Posted Feb 5, 2010 21:52 UTC (Fri) by Baylink (subscriber, #755) [Link]

Because I am a believer in the traditions of science, yes, I think it would be an excellent idea if you wrote up formally your problems with his paper...

which I *promise* I'm going to read, tonight while I wait for a server upgrade to finish. :-)

And certainly any level of the stack can be attacked, and I understand that was his point.
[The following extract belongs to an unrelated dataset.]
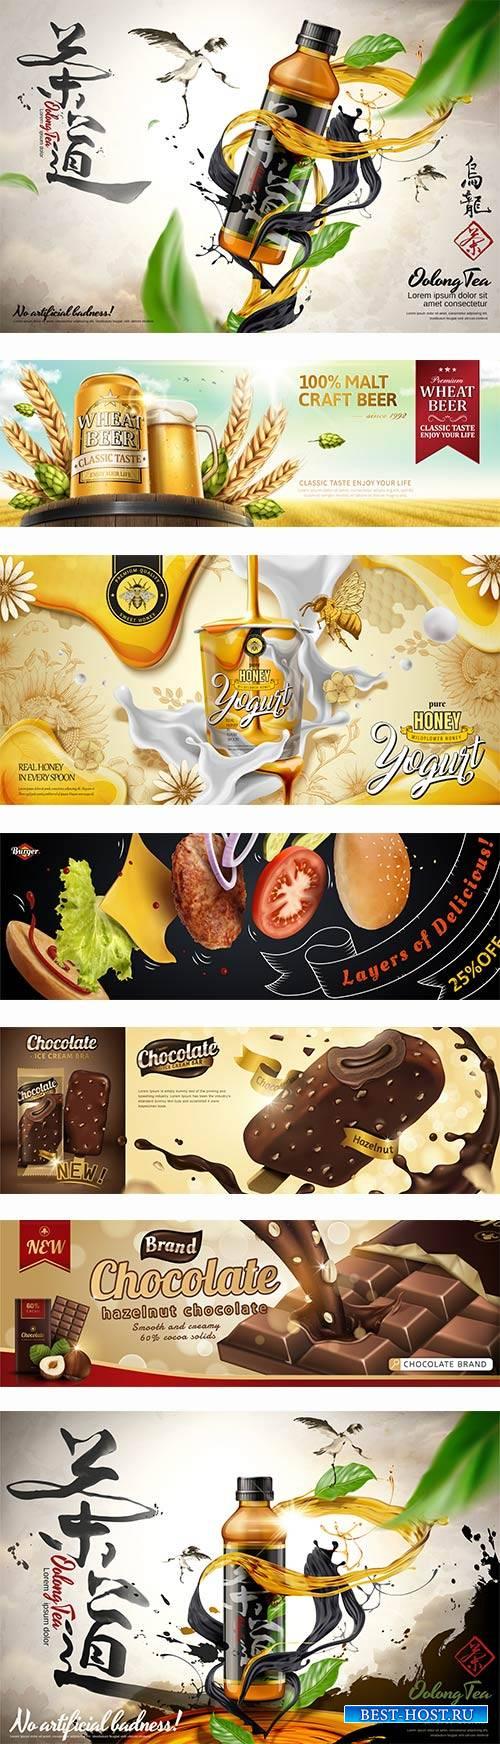 3d food poster illustration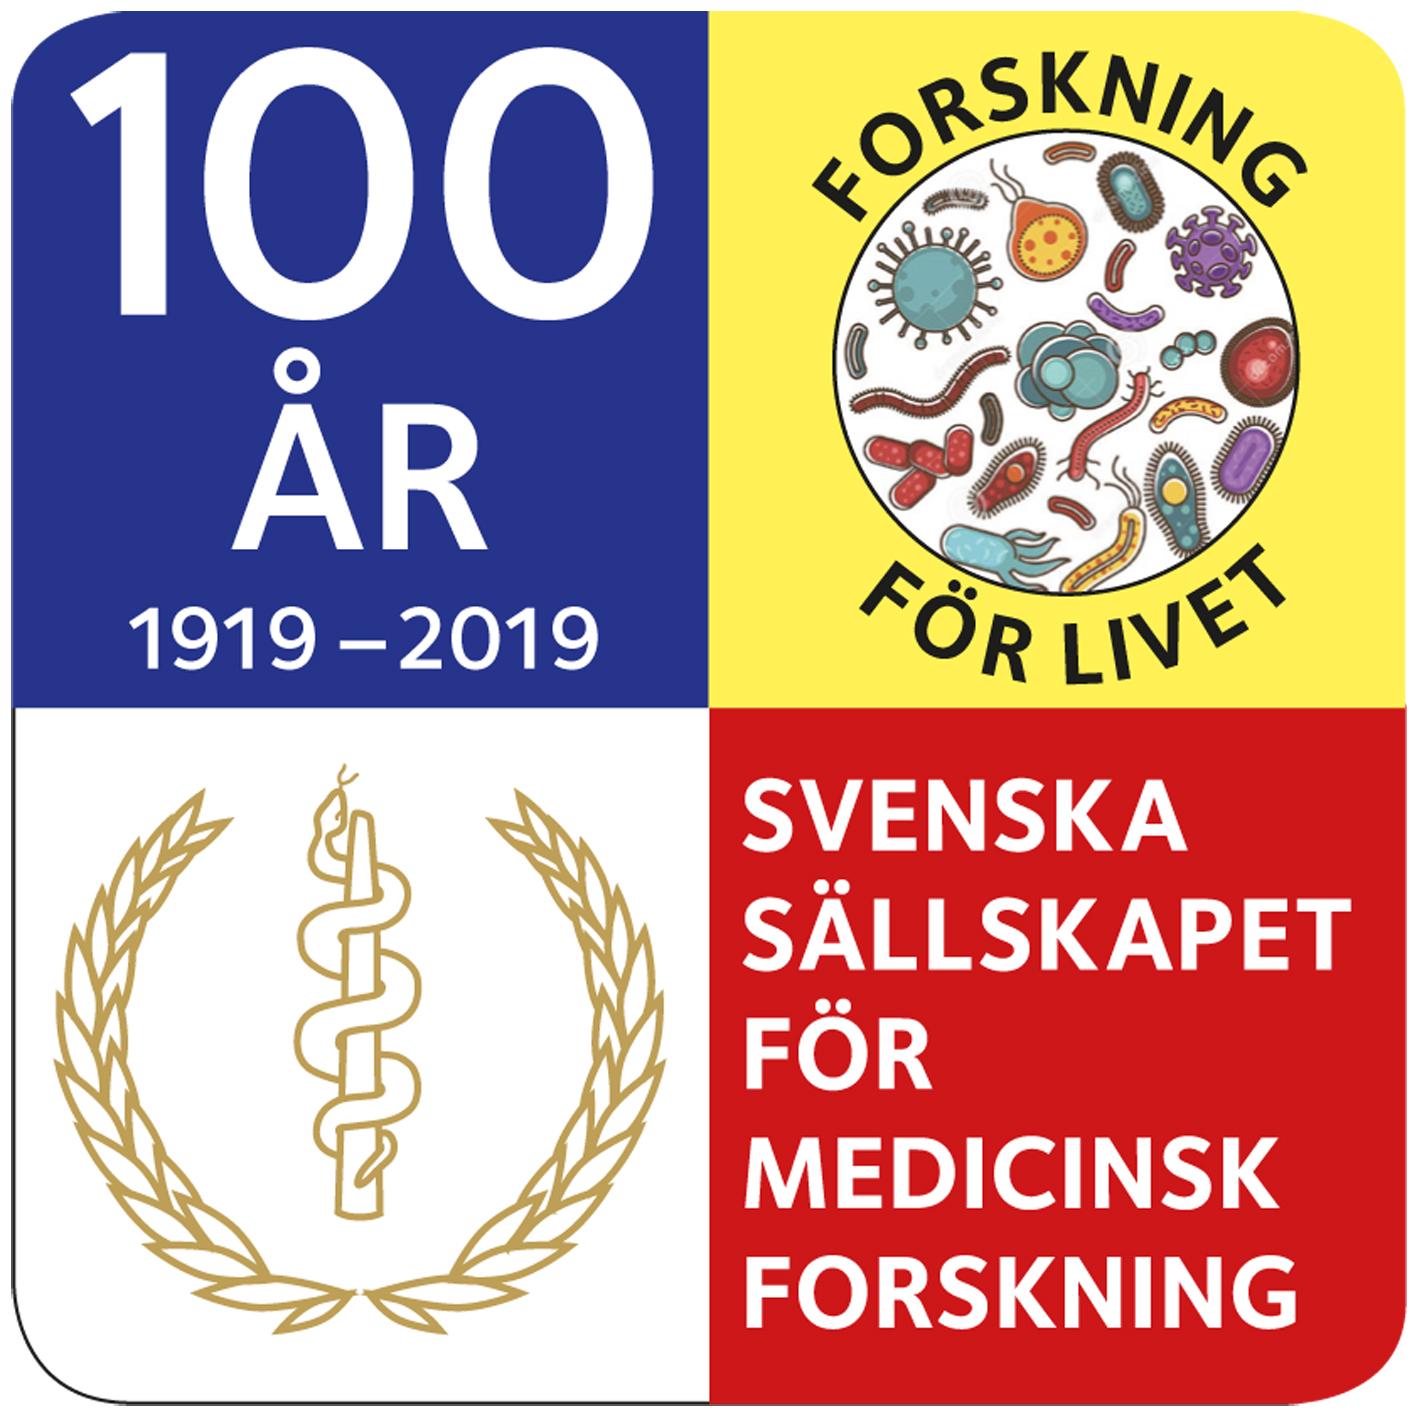 Grattis SSMF till 100årsjubileet idag! Jubileumslogga, framtagen av Garenbergs Konsult

But one either has to say "there's no practical way for me to validate the microcode of the CPU, and thus there's a practical limite to what I can verify", or one has to -- in fact -- do that validation.

If one can.

As we note on RISKS regularly, there are two issues at hand here: "pick your own low-hanging fruit", ie: make sure you apply extra security balm equally to all layers of your problem (as adjusted by your threat estimates at each layer), and "know your CBA": the amount of security at all levels you apply has to be in keeping with not only your threat estimate, but with what the bad guys can *get*.

This is, in particular, the part of the issue that terrorists throw monkey wrenches into: trying to inspire asymmetrical responses to what are, objectively, low-level threats. Your opponent wears himself out on the cape and never sees the sword. Bruce Schneier likes to address this issue.

Countering the trusting trust attack

Posted Sep 20, 2010 14:53 UTC (Mon) by paulj (subscriber, #341) [Link]

Took a while, but I wrote up those views on "Diverse Double-Compiling" and stuck them online here.